Intersect ENT (NSDQ:XENT) announced today that it received consolidated Medicare coverage for its Sinuva sinus implant.
Menlo Park, Calif.-based Intersect ENT said in a news release that CMS published an average selling price (ASP) for the Sinuva implant, providing predictability, transparency and confidence of reimbursement for providers and payers in the future.
Sinuva is a non-surgical, corticosteroid-eluting implant for treating nasal polyps in adult patients who have had ethmoid sinus surgery. It is made of a self-expanding, bioabsorbable implant structurcombinedne with the targeted delivery of mometasone furoate, an anti-inflammatory corticosteroid.
The implant offers localized drug delivery for up to 90 days directly at the disease site and can be administered in an office.
Previously, a single code covered Intersect ENT’s Propel and Sinuva bioabsorbable implant product lines. However, in January, CMS created separate and distinct codes, while the ASP has now been attached to the code for the Sinuva mometasone furoate sinus implant.
Additionally, CMS confirmed the consolidation of all coding for Sinuva under the new code, giving Sinuva “pass-through” status in ambulatory care settings for Medicare patients.

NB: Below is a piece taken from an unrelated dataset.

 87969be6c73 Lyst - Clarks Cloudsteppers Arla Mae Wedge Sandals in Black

Intersect ENT said the separate codes would positively impact patient and physician access by improving accuracy in claims adjudication, supporting expanded use at multiple service sites, and providing greater clarity of coverage for payers and providers.

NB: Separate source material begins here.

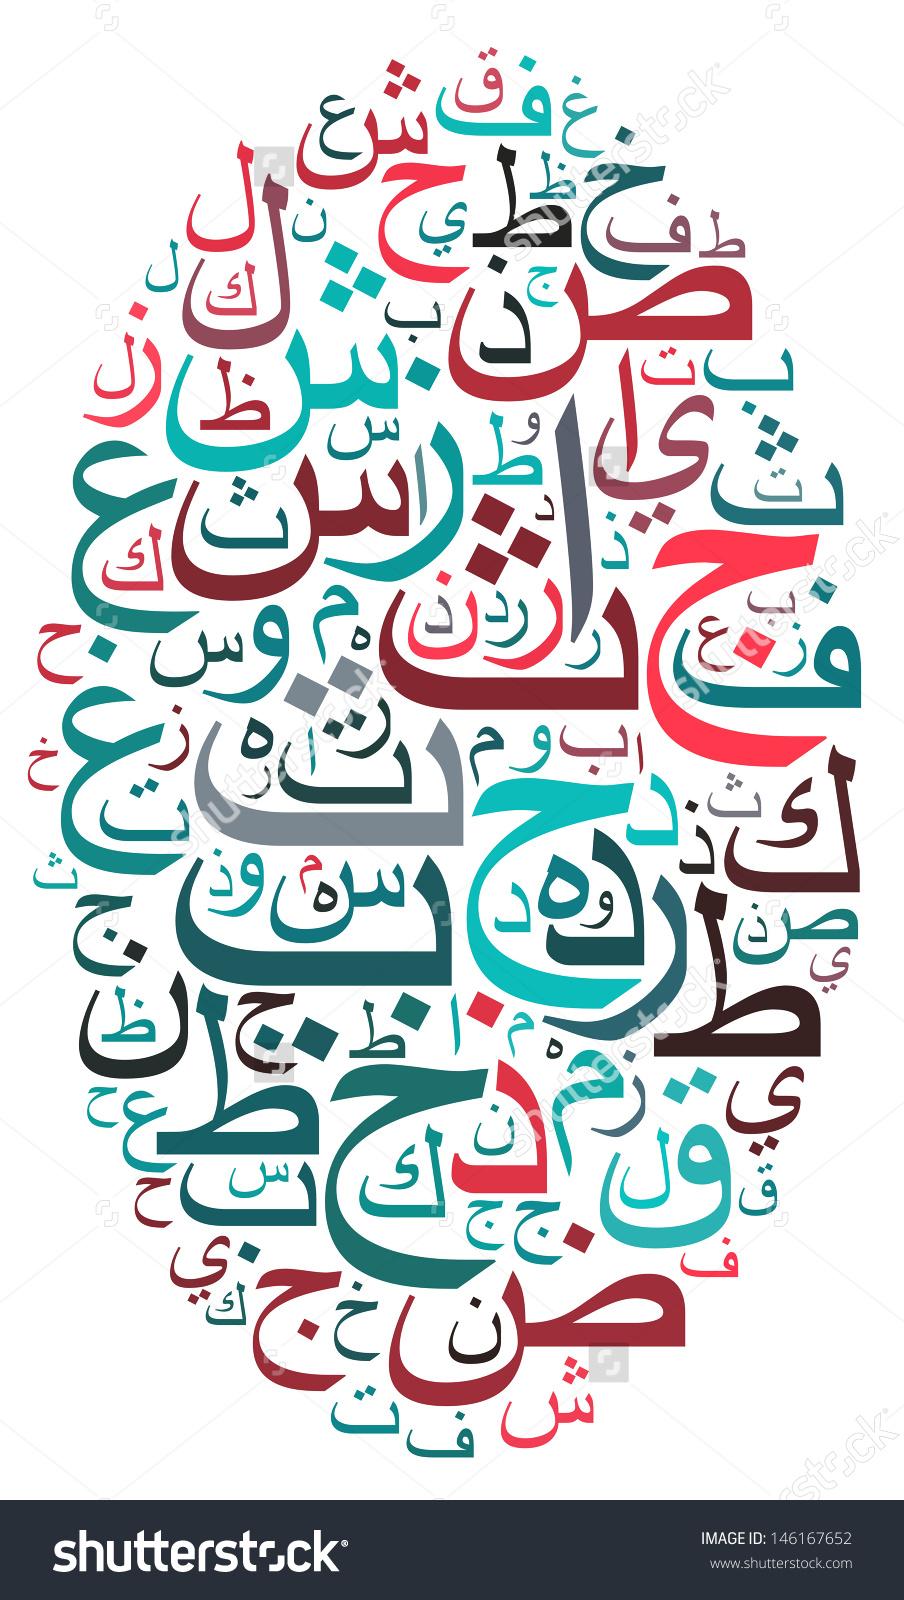 Arabic letters clipart jpg stock Clipart arabic letters - ClipartFest jpg stock

“We are pleased that CMS consolidated Sinuva coverage to a single code and published a Sinuva ASP. These actions will help better inform ENT surgeons of the amount of implant reimbursement they can expect regardless of setting of care, thereby greatly reducing the uncertainty that can come with claims submissions,” Intersect ENT president & CEO Thomas A. West said in the release. “CMS’s recent decisions will also clearly differentiate coding for Sinuva and Propel, two very different products. This will serve to simplify and streamline coding and reimbursement across our portfolio and will support evidence-based and cost-effective care across the continuum of need in chronic rhinosinusitis.”